The central question, then, seems to be: How can the homogeneity of
selling and marketing costs be further improved in a way which will
have both theoretical validity and practical
[[Page 49355]]
applicability? A related question is: To what extent can greater
comparability among contractors be achieved in this area?
B. Issues
1. Under what circumstances should selling and marketing costs be
accumulated in a pool separate and apart from G&A? Under what
circumstances should they be accumulated by: a. class of customers
(e.g., commercial versus government), b. geographical location (e.g.,
foreign versus domestic), c. type of activity (e.g., marketing versus
selling), d. product line, or e. some other methods?
2. Please describe the guidelines and criteria governing the
accumulation of selling and marketing costs which you believe should be
included in a potential standard. Is a new standard required or can
this issue be addressed within existing standard(s)?

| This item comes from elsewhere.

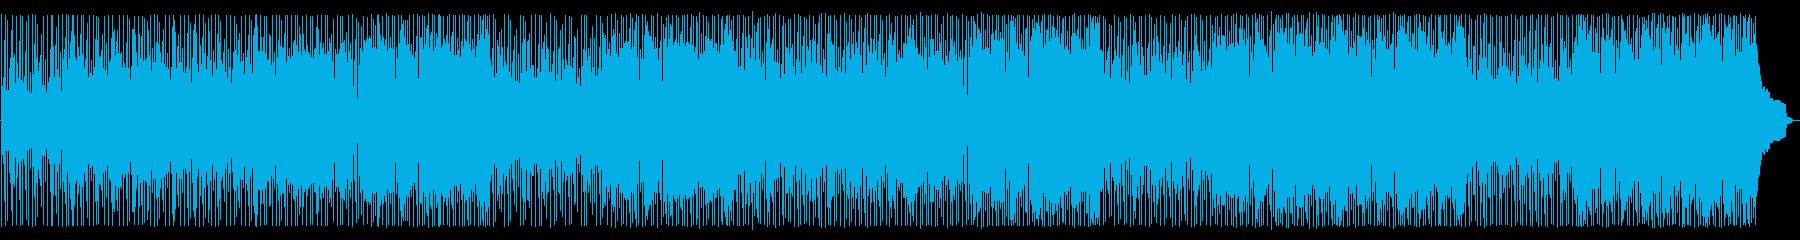 エレクトリックピアノとシンセサイザ...の再生済みの波形

3. Should a potential standard establish criteria and guidance on
when it would be inappropriate to establish a pool, i.e., when selling
or marketing expenses should be allocated directly to particular final
cost objectives?
Part III
Selection of Allocation Bases
A. Discussion
Theoretically, there are two ways to go about selecting an
allocation base; one way is to use judgmental criteria and the other is
to use a statistical analysis approach. Practical experience suggests
that the statistical analysis approach is seldom, if ever, used by
government contractors.
Government contractors use a variety of allocation bases for
selling and marketing costs. Among the bases being used are: sales,
three-factor formula, direct labor costs or hours and level of effort.
For the purpose of this Discussion Paper, the term ``level of
effort'' is used to refer to the time and effort incurred or to be
incurred by those personnel engaged in selling and marketing functions.

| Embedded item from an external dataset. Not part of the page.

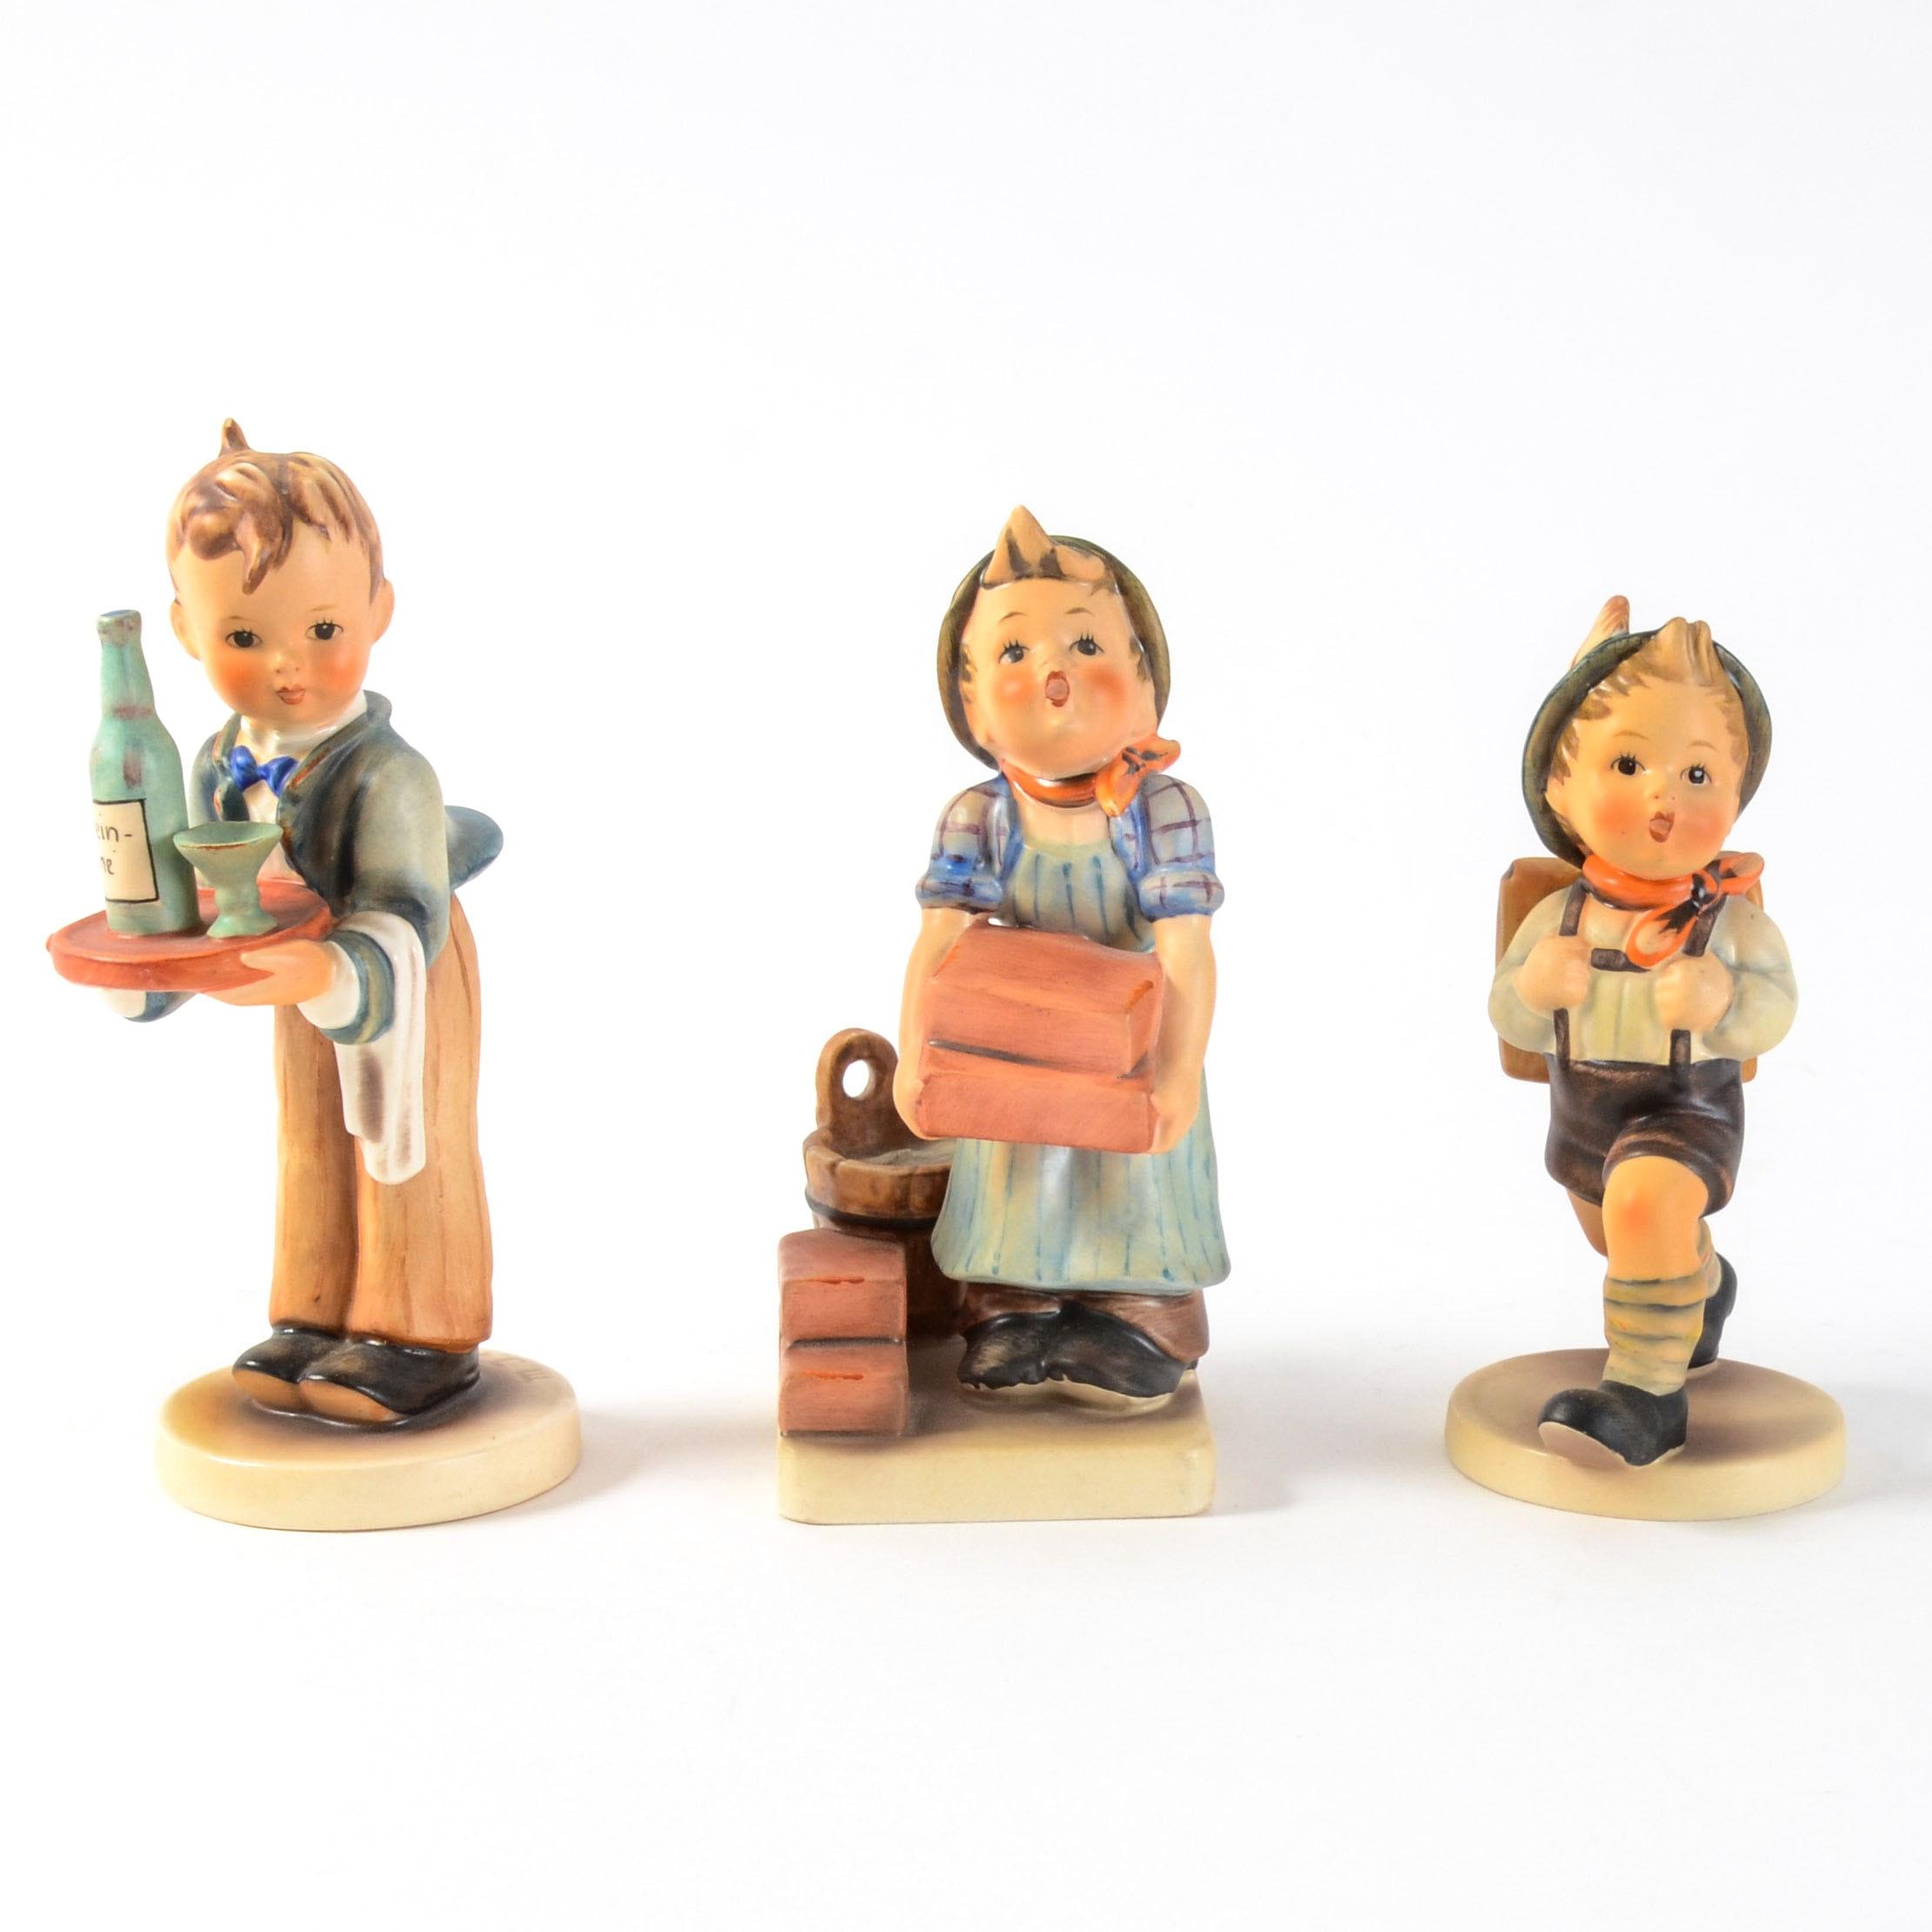 1960s–70s Goebel Hummel Figurines

In practice, a variety of methods are used to express the ``level of
effort''. Some companies use ``projected time to be spent'' on selling
of certain products or product lines or selling to certain customers
during certain time intervals, such as every six months; others use the
actual time spent and recorded.
Output Bases
The Armed Services Pricing Manual (ASPM No. 1) states that ``Common
bases for distribution or estimation of selling expenses are total cost
of sales and total selling price.'' However, the document does not
describe the reasons or the circumstances for the use of such
allocation bases. On the other hand, the Defense Contract Audit
Agency's Contract Audit Manual states: ``Manufacturing expenses are
usually apportioned without regard to the specific end item being
manufactured or the customer to whom the item may ultimately be sold.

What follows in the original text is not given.